EXERCISE :: Repeat exactly the line with "Redhead girl, female" and each line after it to the end of the data below; pictures stay out.

GIVEN INFORMATION ::
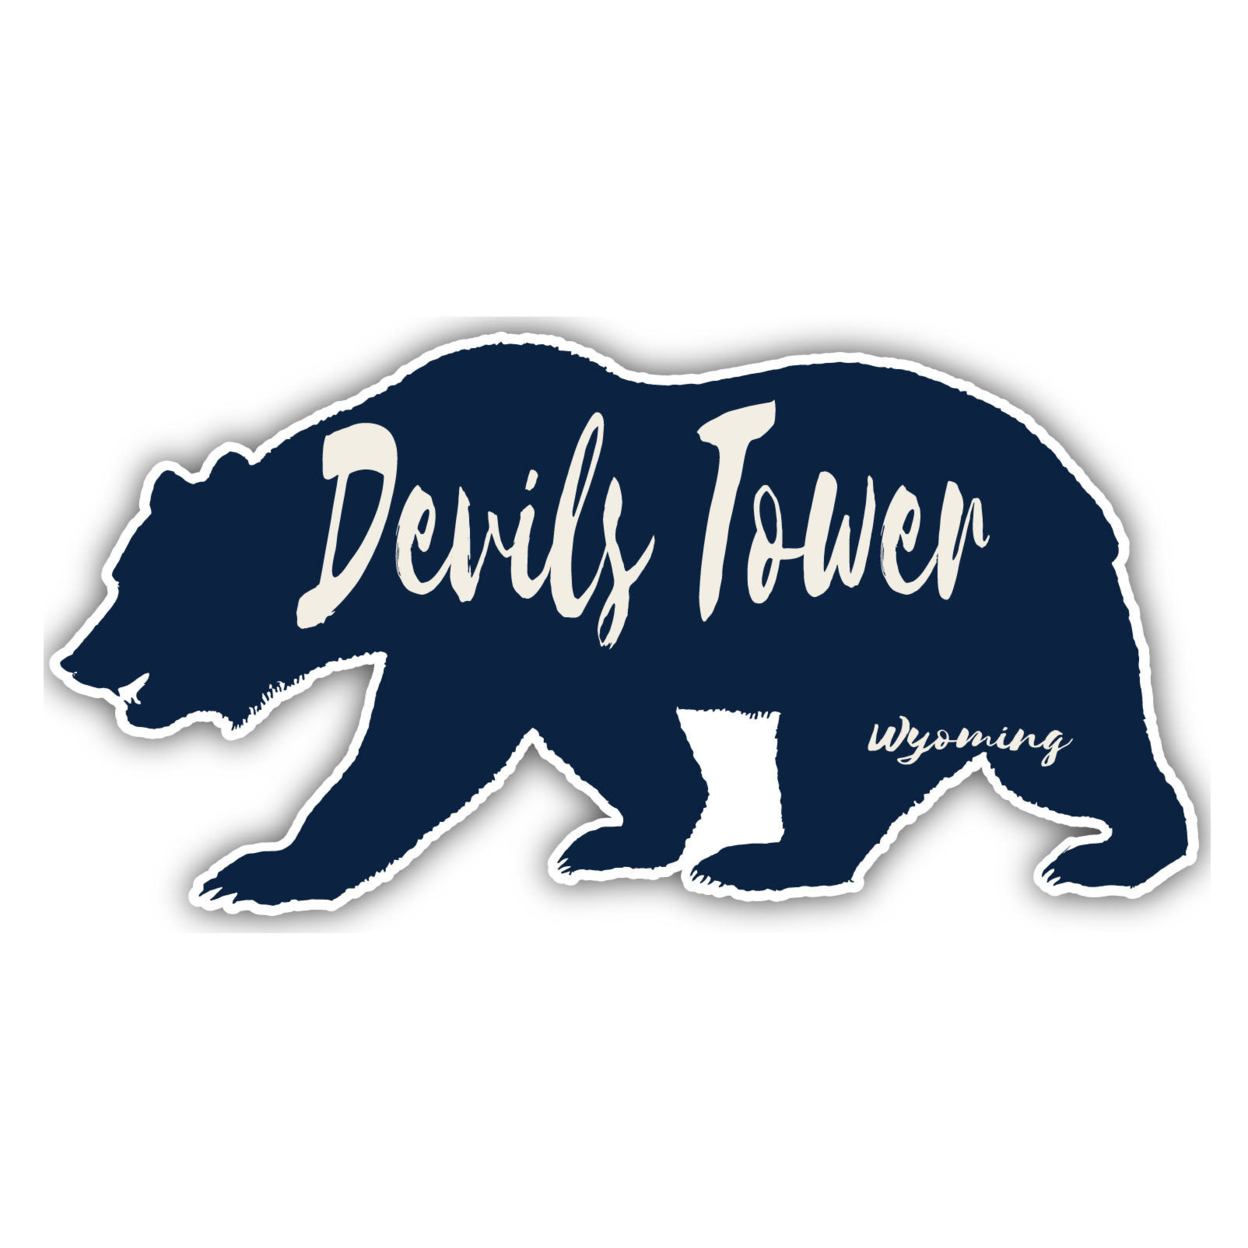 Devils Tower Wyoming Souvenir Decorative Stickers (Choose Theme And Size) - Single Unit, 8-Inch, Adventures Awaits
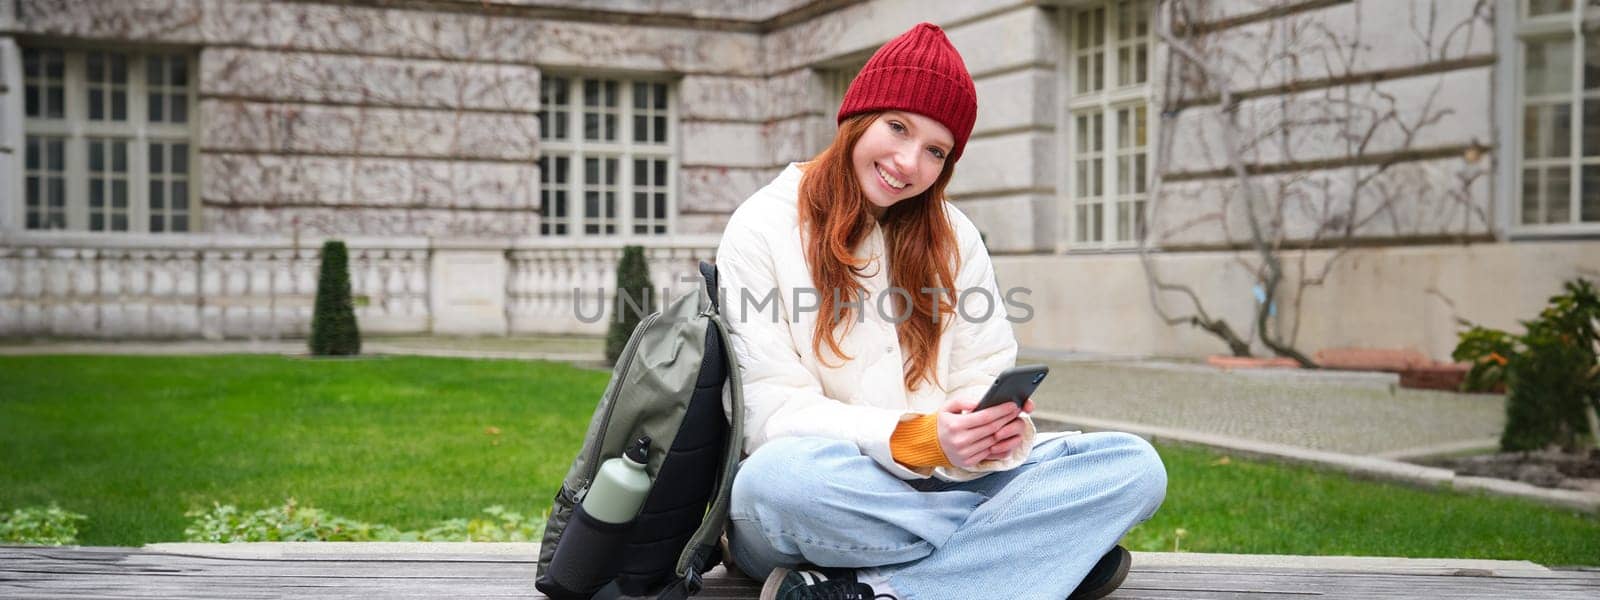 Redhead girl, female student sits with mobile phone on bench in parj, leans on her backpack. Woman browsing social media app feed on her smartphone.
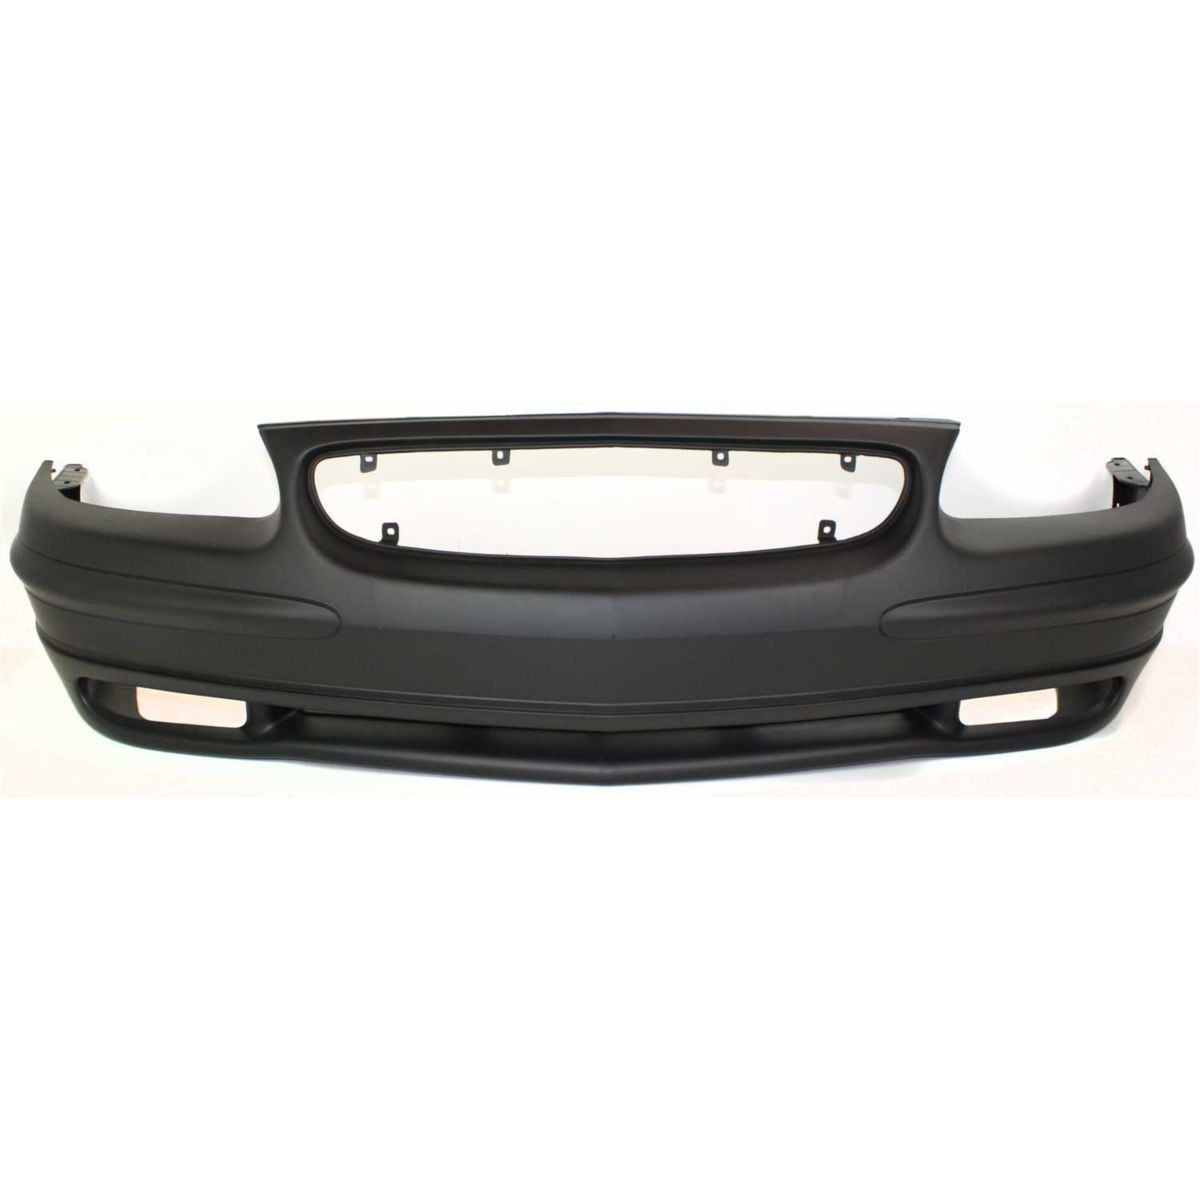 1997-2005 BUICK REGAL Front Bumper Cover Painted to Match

TASK RESPONSE ::
 Redhead girl, female student sits with mobile phone on bench in parj, leans on her backpack. Woman browsing social media app feed on her smartphone.
 1997-2005 BUICK REGAL Front Bumper Cover Painted to Match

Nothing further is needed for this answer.